## What is required:
From the line containing "Early Bird Offer" to the very last line of the data below, transcribe everything exactly and nothing more.

## Information:
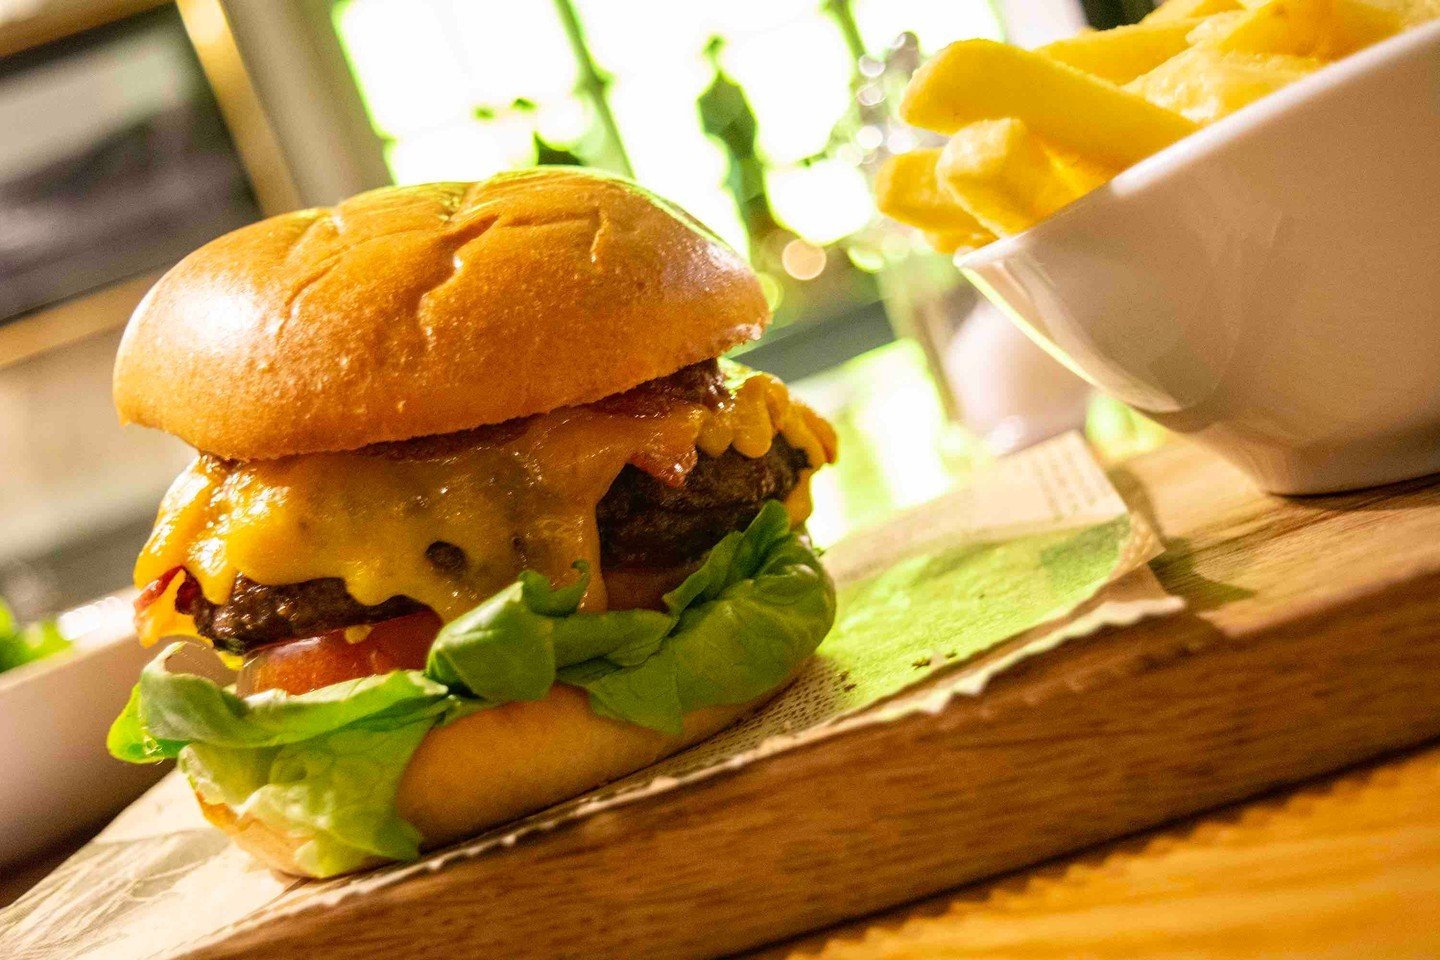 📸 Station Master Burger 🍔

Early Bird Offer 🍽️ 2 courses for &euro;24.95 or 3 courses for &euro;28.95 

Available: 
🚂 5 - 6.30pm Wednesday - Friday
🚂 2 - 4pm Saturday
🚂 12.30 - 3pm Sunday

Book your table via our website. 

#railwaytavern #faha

## Solution to this problem:
Early Bird Offer 🍽️ 2 courses for &euro;24.95 or 3 courses for &euro;28.95 

Available: 
🚂 5 - 6.30pm Wednesday - Friday
🚂 2 - 4pm Saturday
🚂 12.30 - 3pm Sunday

Book your table via our website. 

#railwaytavern #faha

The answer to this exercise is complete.